» Your instructions
Restate each line below word for word, skipping every picture.

» Supplied data

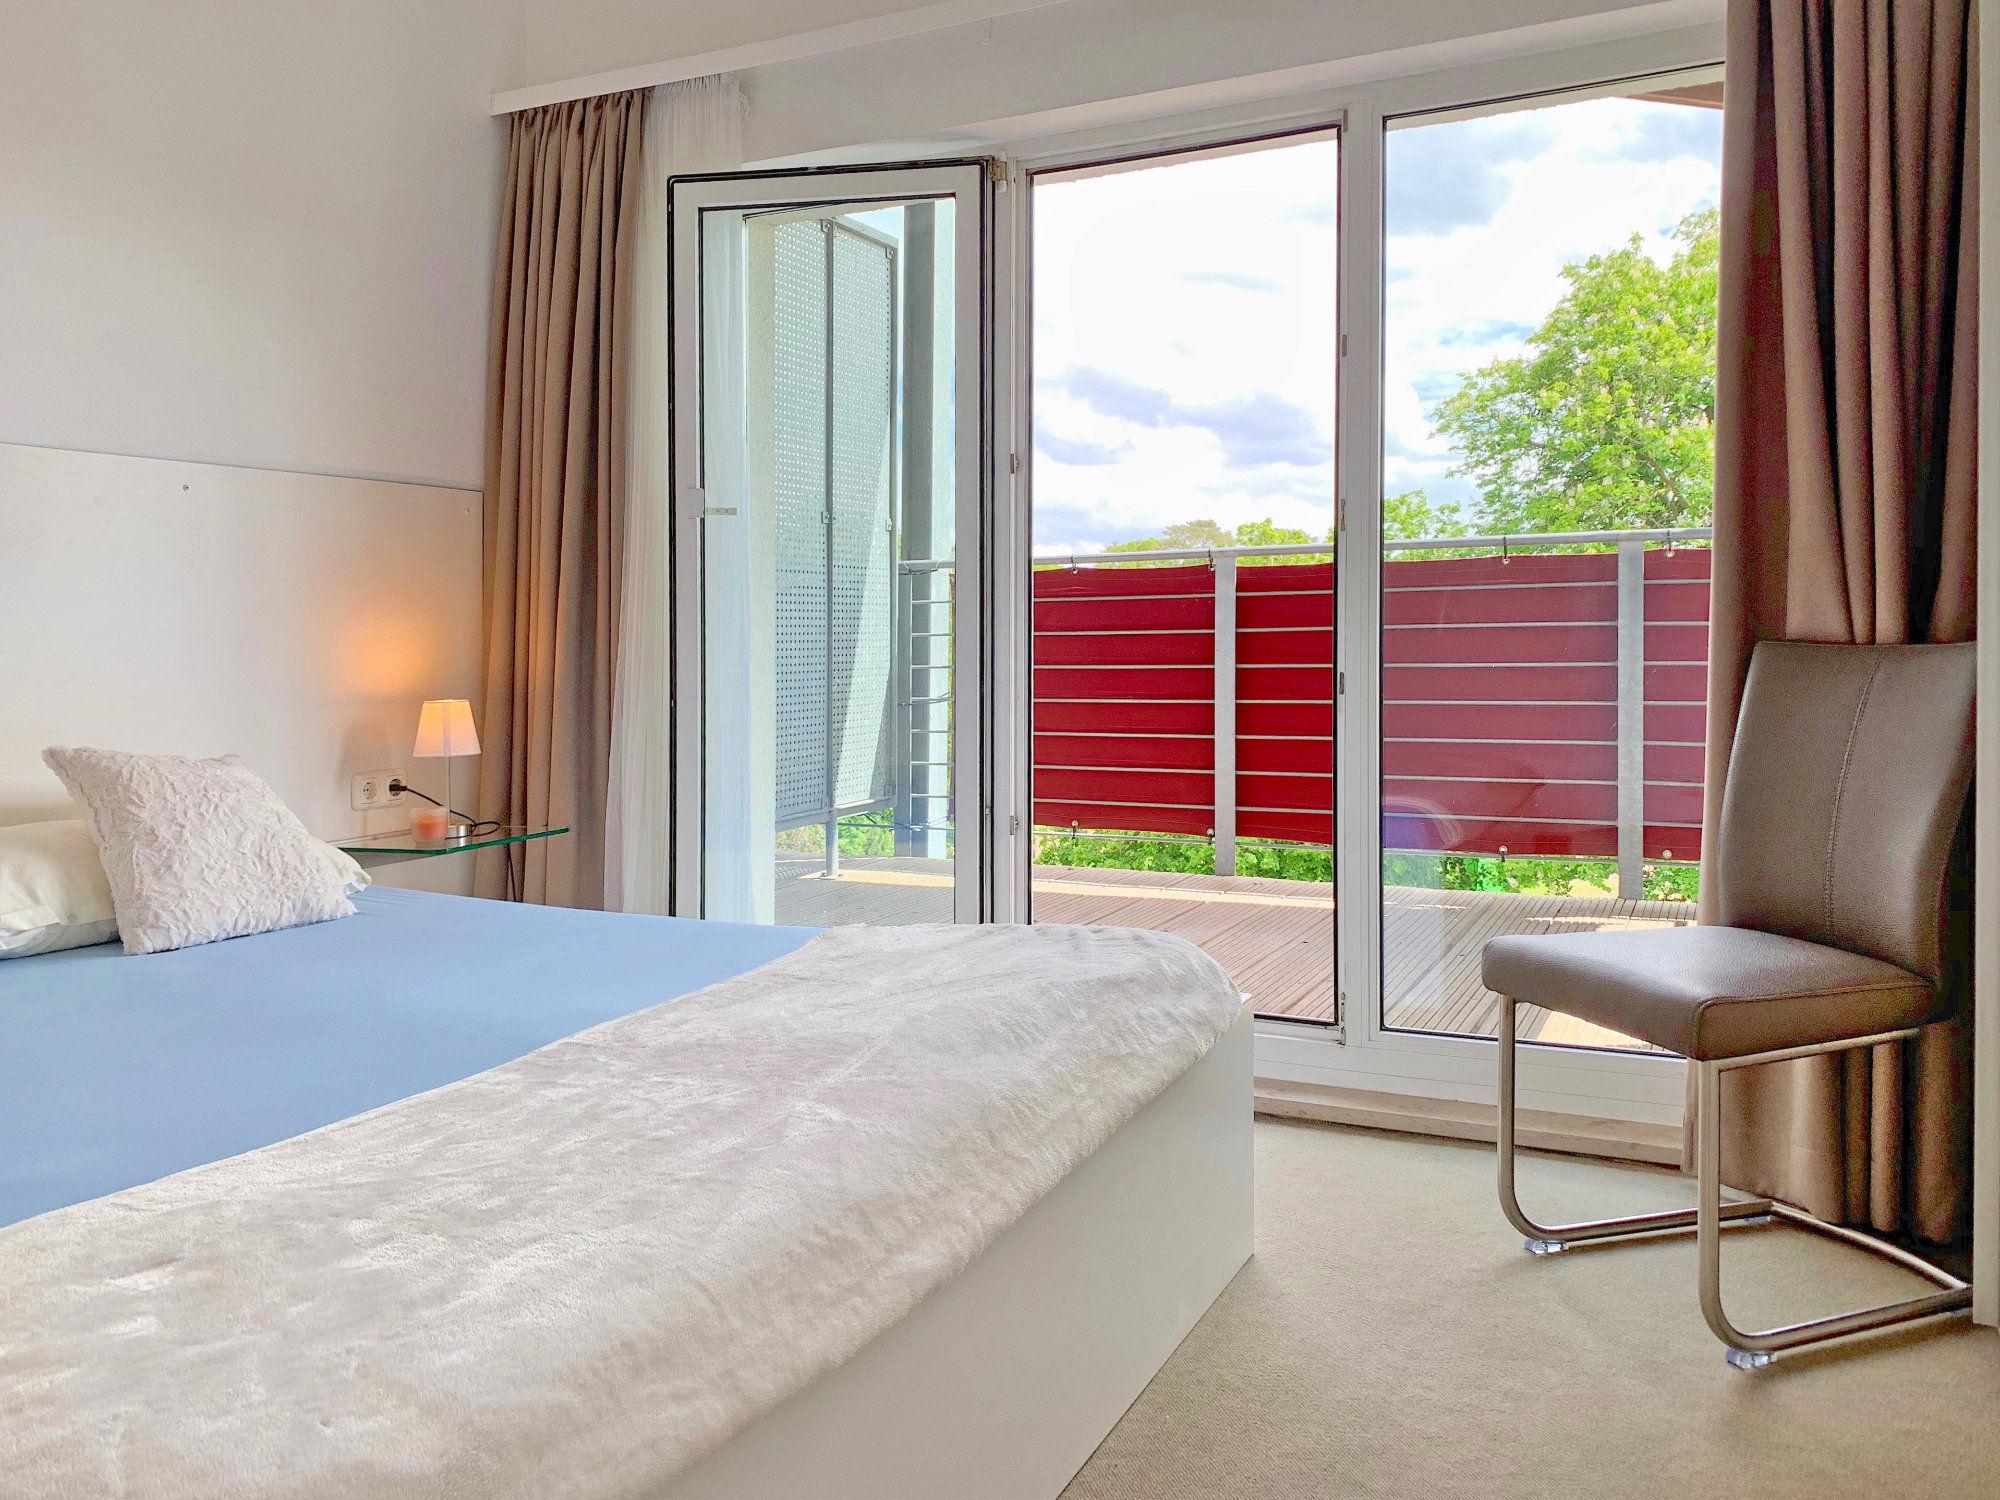 Schlafzimmer mit Doppelbett, rechts davon bodentiefe Fenster und Zugang zum Balkon
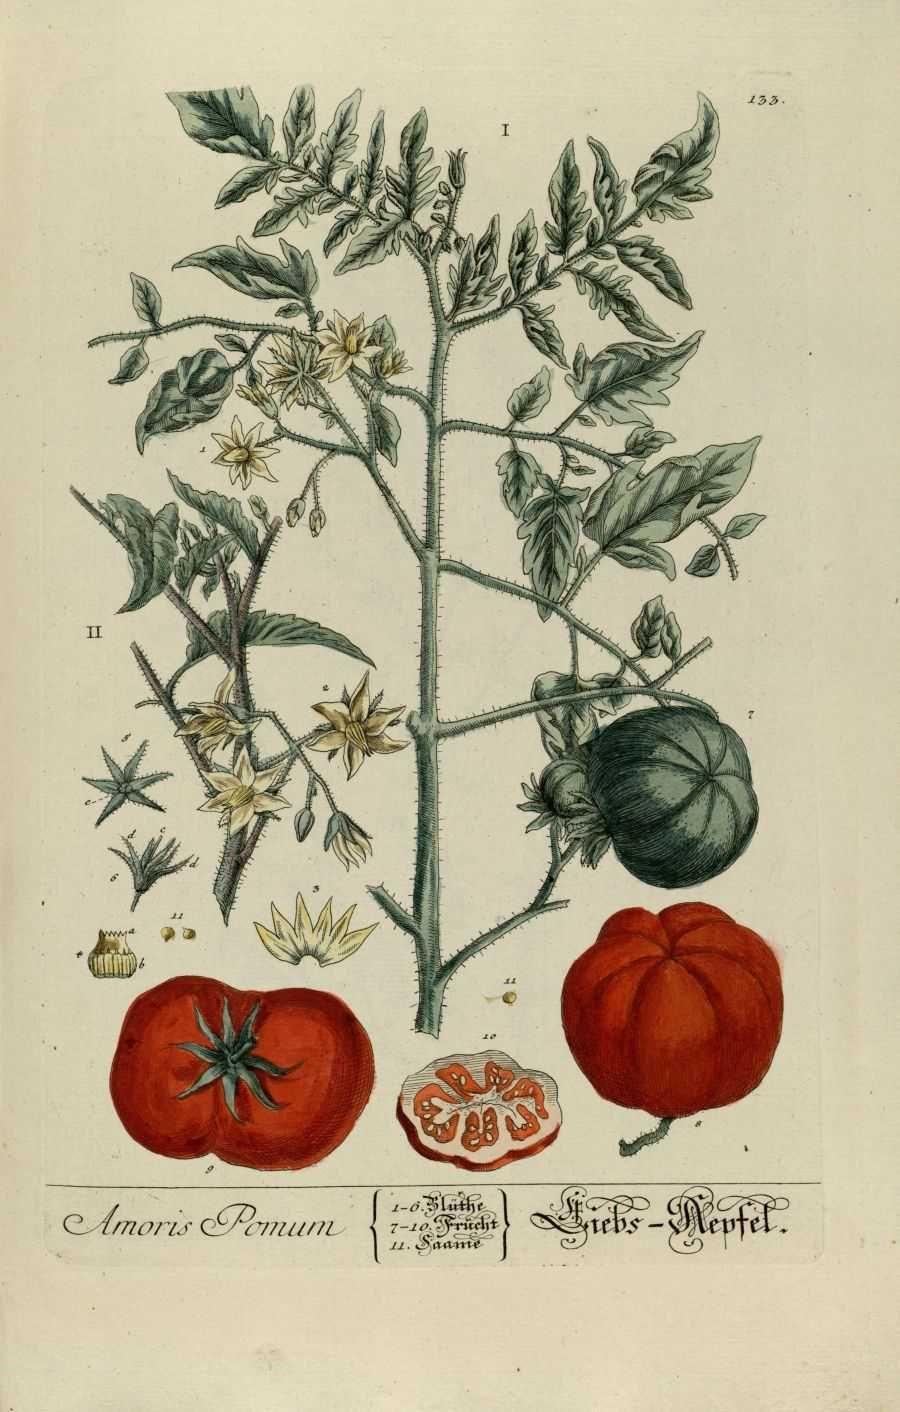 Pingl par nerika sur fleurs en 2019 dessins botaniques illustration botanique et gravures - Tomate dessin ...
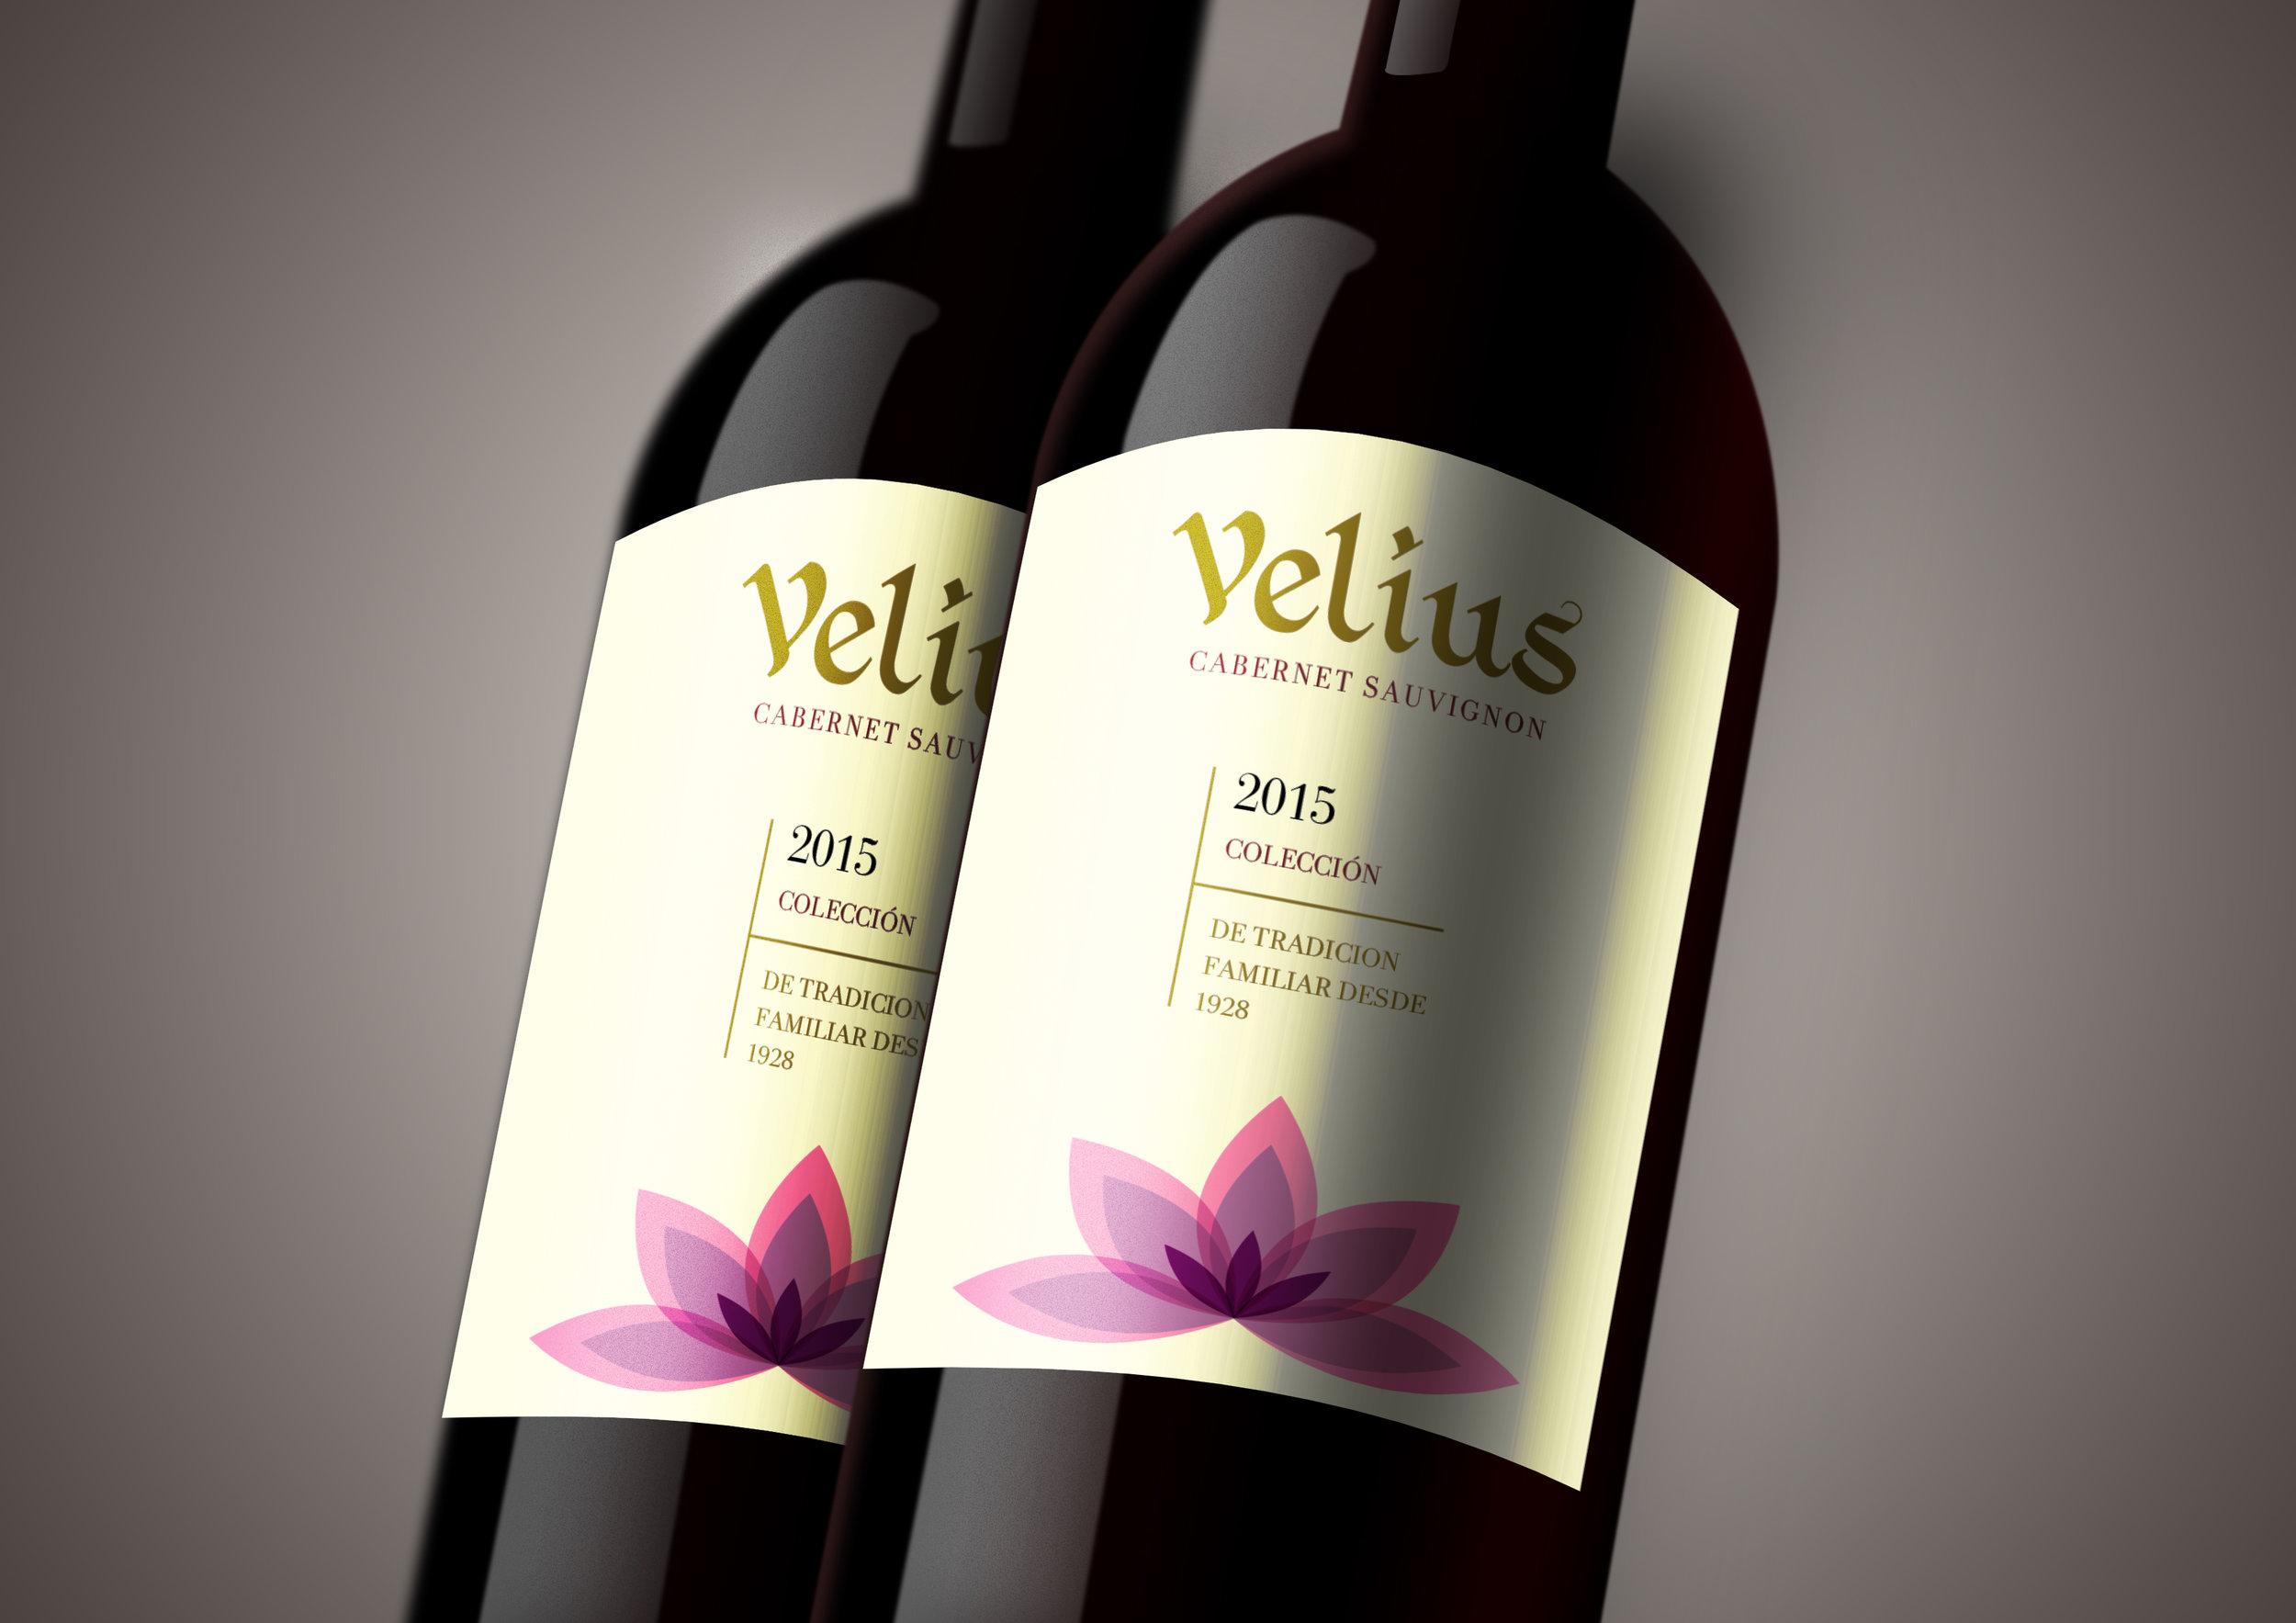 2 Bottle Mock Up Velius.jpg

» Result
 Schlafzimmer mit Doppelbett, rechts davon bodentiefe Fenster und Zugang zum Balkon
 Pingl par nerika sur fleurs en 2019 dessins botaniques illustration botanique et gravures - Tomate dessin ...
 2 Bottle Mock Up Velius.jpg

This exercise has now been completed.